Свод Бове имеет высоту почти сто шестьдесят футов (48 метров) и был построен дешево. Свод собора Святого Петра в Риме имеет высоту почти сто пятьдесят футов (45 метров). Свод Амьена — сто сорок четыре фута (44 метра). Реймс, Бурж и Шартр имеют почти одинаковую высоту; у входа — сто двадцать два фута. Париж — сто десять футов. Аббат Бюльто несет ответственность за эти измерения; но в Шартре, как и в нескольких очень старых церквях, неф наклоняется вниз к входу, потому что — как говорят — паломники приходили такими толпами, что были вынуждены спать в церкви, и неф приходилось промывать водой, чтобы очистить его. Истинная высота Шартра, на средокрестии нефа и трансепта, составляет как можно ближе сто двадцать футов (36,55 метра).

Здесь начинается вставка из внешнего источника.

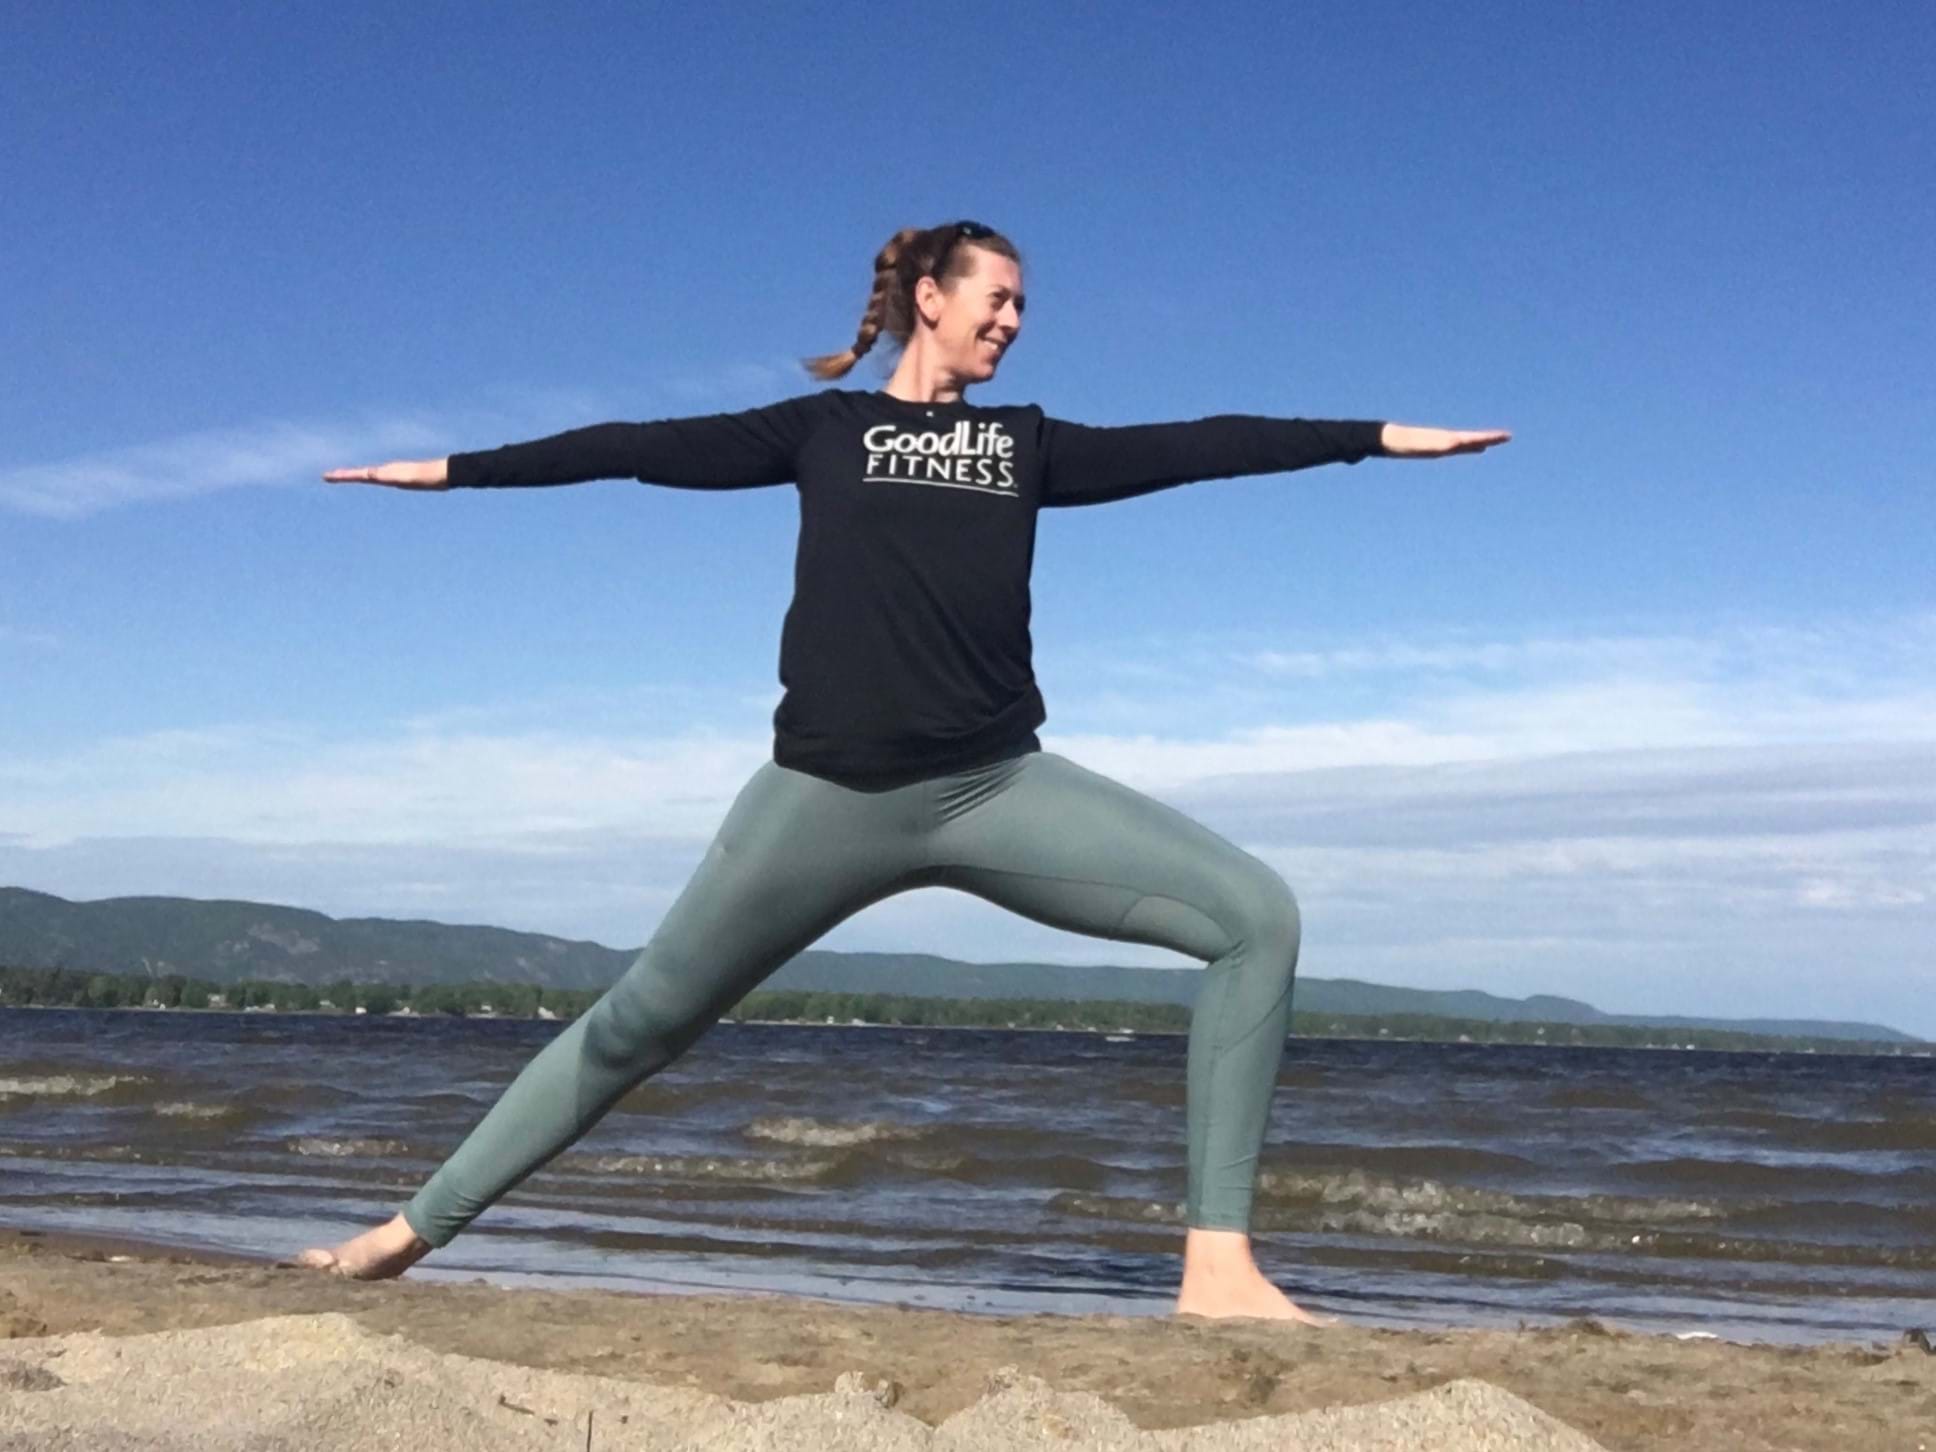 Abby Johnson-Bertran practices yoga poses on the beach near Ottawa

Измеренная высота — наименьший интерес церкви. Дело архитектора — сделать маленькое здание выглядящим большим, а его неудачи — в больших зданиях, которые он делает выглядящими маленькими. Одно из главных достоинств готики — преувеличение высоты, и одно из ее самых любопытных качеств — успех в навязывании иллюзии размера. Не покидая центра Парижа, любой может изучить эту иллюзию в двух великих церквях — Нотр-Дам и Сен-Сюльпис; ибо Сен-Сюльпис так же высок, как Нотр-Дам в сводах, и больше в других своих измерениях, помимо того, что является, в своем стиле, прекрасным зданием; однако его романские арки показывают, как если бы они были одиннадцатого века, почему длинные, чистые, непрерывные, утонченные линии готики, изгибающиеся к точкам и ведущие глаз с неким принуждением к кульминационной точке наверху, должны были стать архитектурным триумфом, который привел всю Европу в восторг. Мир не видел ничего подобного, кроме, возможно, купола Святой Софии в Константинополе; и открытие пришло в момент, когда Европа предпринимала свою самую объединенную и отчаянную борьбу за достижение Царства Небесного.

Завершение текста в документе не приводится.